ERP transformation
The TikTok Shop has been driven by Clorox’s approximately $580 million investment in digital transformation, including a move to SAP S/4 HANA. Technology moves so quickly that it’s important to invest in the foundation, Harker says. Otherwise, things will fall apart over time and your technology architecture footprint will no longer reflect what your business and processes need. Then people start creating workarounds, silos, and things that break, slowing down the workflow.
“If you just talk, you lose your agility,” he says. “So this was a major investment to harden the foundation layer and improve connectivity and speed, but mostly it was an opportunity to reinvent processes.”

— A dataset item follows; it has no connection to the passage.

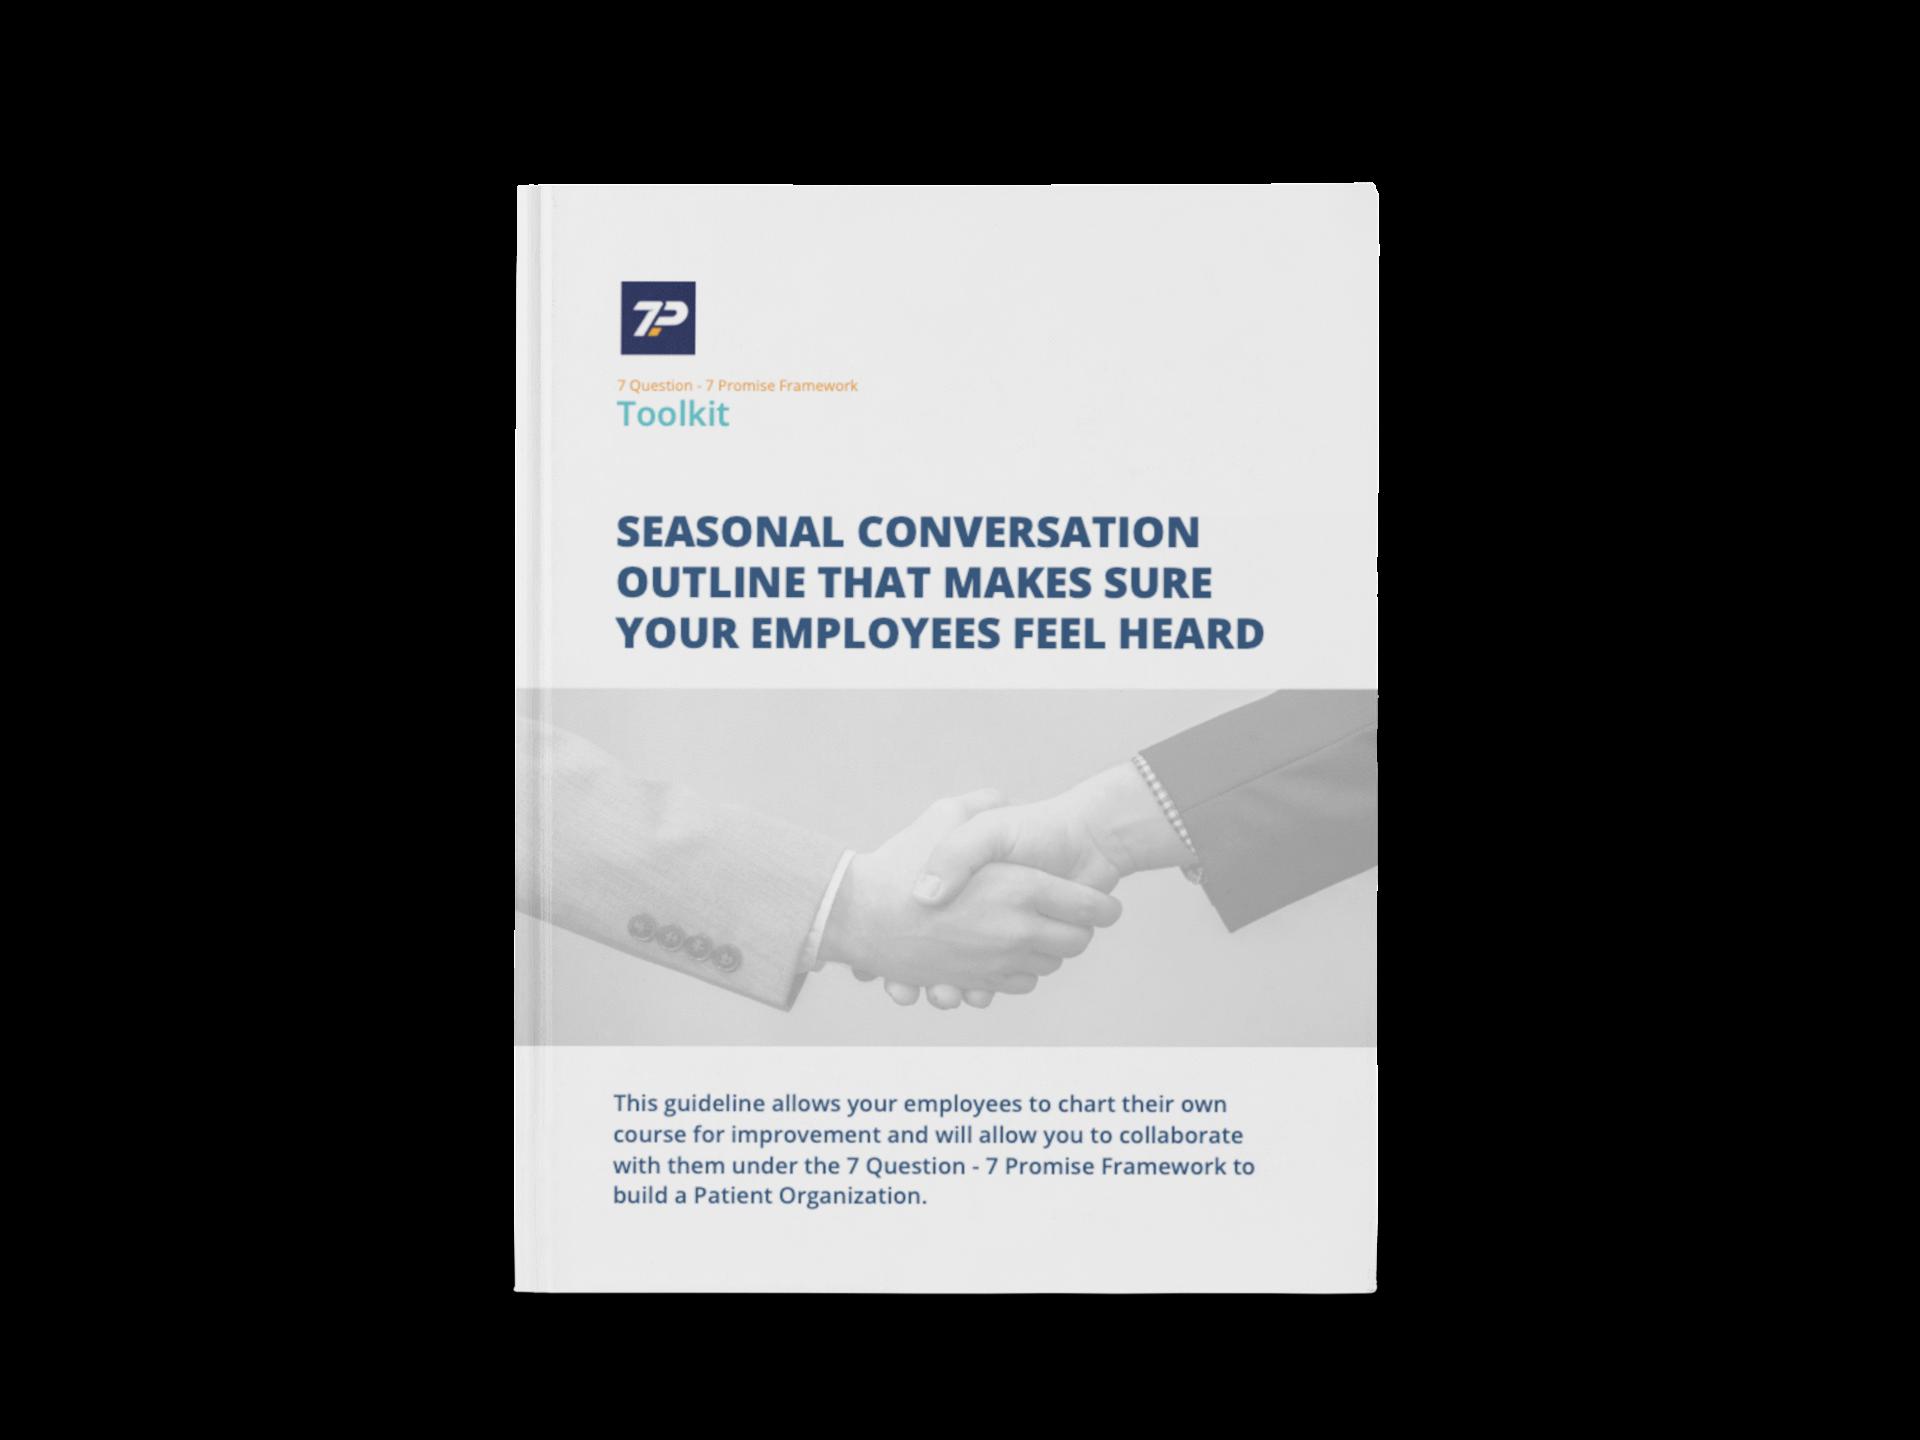 7Q7P Toolkit Seasonal Conversation

Opening the social door to commerce
The next step was to ensure the consumer experience on TikTok, allowing them to not only browse but also buy. “The front door of these new societies is opening,” Harker said, and Clorox officials questioned whether they could connect them to what’s already in place to gain synergy, efficiency and speed, rather than trying to build something in a silo.
Brands could ship their inventory to TikTok and TikTok would handle the commercial process, but that would be “costlier and more complex,” he said. The company chose to build an API to pass, ingest, and process orders from its TikTok shop to its unified commerce backend, Adobe Commerce Cloud.
appear sincerely
The challenge for brands is to reach different groups of people across generations who have grown up with different experiences and expectations. Additionally, Harker said, “The purchase funnel is collapsing,” and that consumers are more likely to buy something when they hear someone they trust telling the truth about it.

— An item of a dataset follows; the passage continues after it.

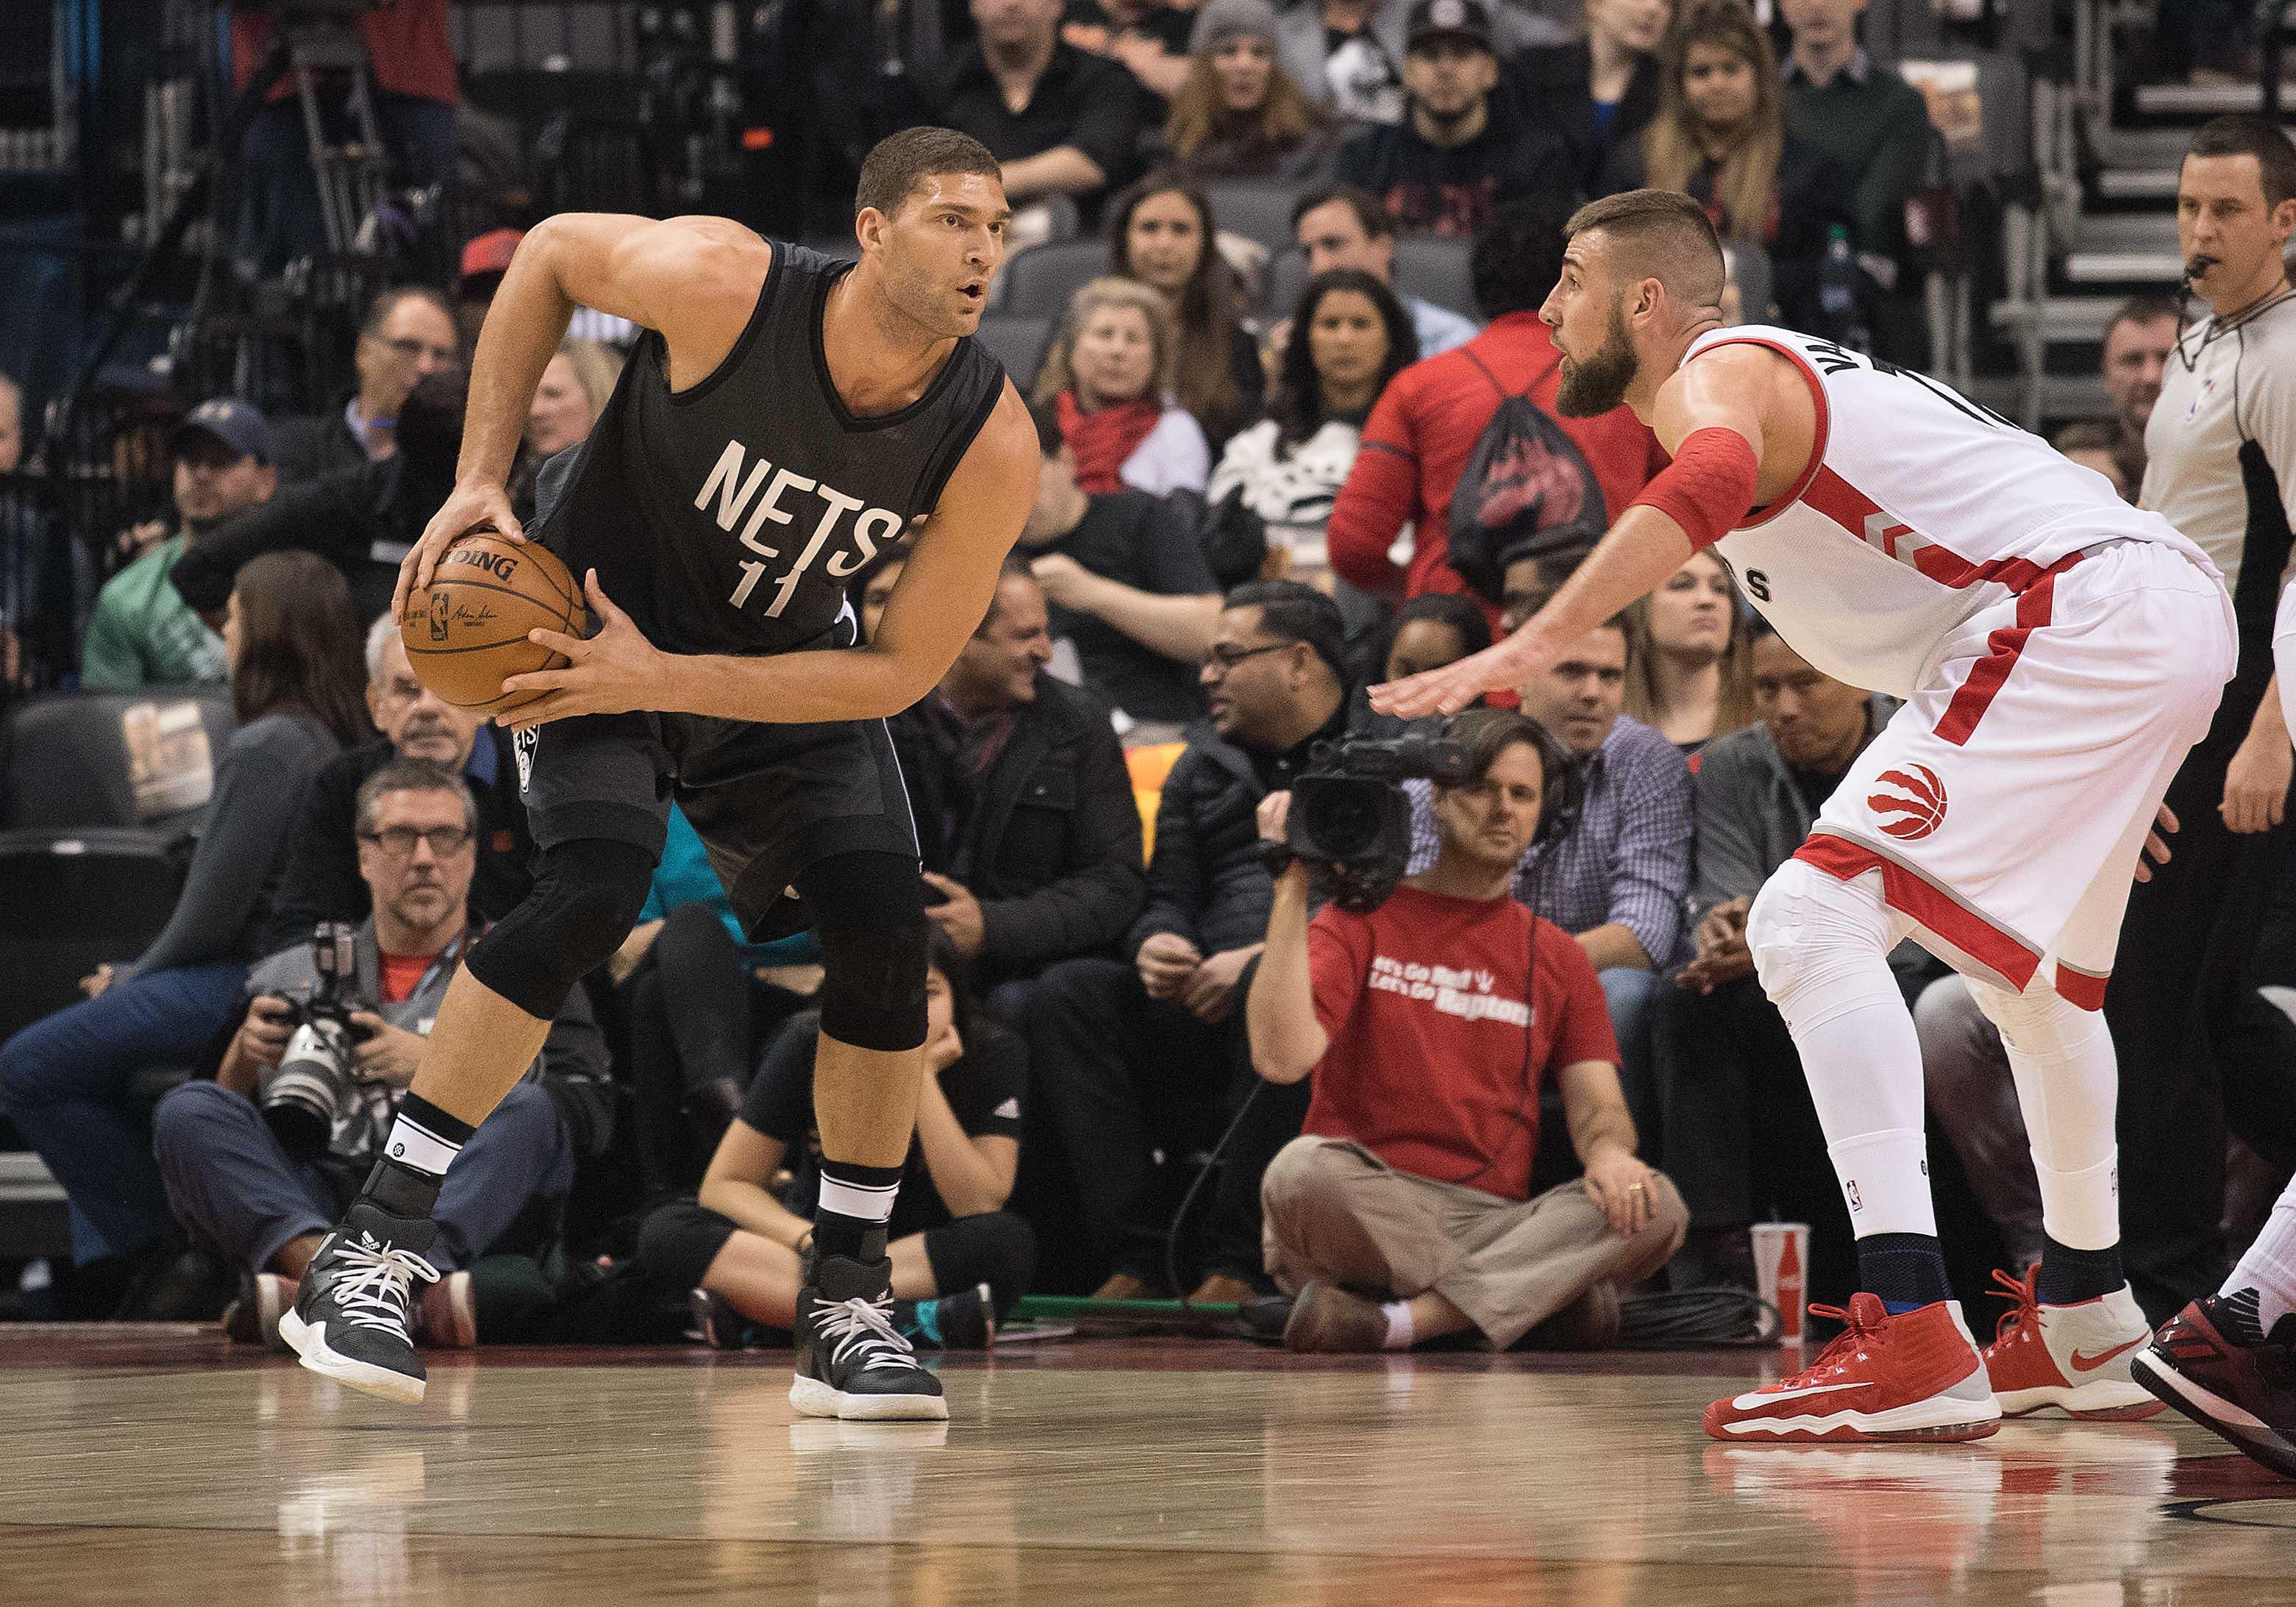 Nets Vs Raptors: Brooklyn Nets Vs. Toronto Raptors Pre-Game Report 2/5/17

“If you don’t present yourself authentically, it’s doubtful you’ll even be able to reach young consumers around the world,” he says. But at the same time, “it’s very clear.” [an influencer] I work in a paid relationship with brands to speak on their behalf,” Harker added.
Related: Clorox aims to spend 50% of media spend on 1:1 personalization by 2030
“This is a hard line to walk with influencers. If you can give influencers as much creative control and voice as possible, they can often bring your brand to life in an authentic way.”
The look and feel of social-first communities is one of the biggest issues brands need to address, he says, and the content that brings value can be anything from how-to tips to humorous things.
If a brand is working through social influencers, Harker says: [the message] It’s about making it resonate and relevant, rather than just forcing it. ”
The goal is to find “the magical intersection of what young generations are looking for and how brands can meet it.” he says. “This is the art of brand management: transforming a brand, its promise, and its products into what modern consumers want.”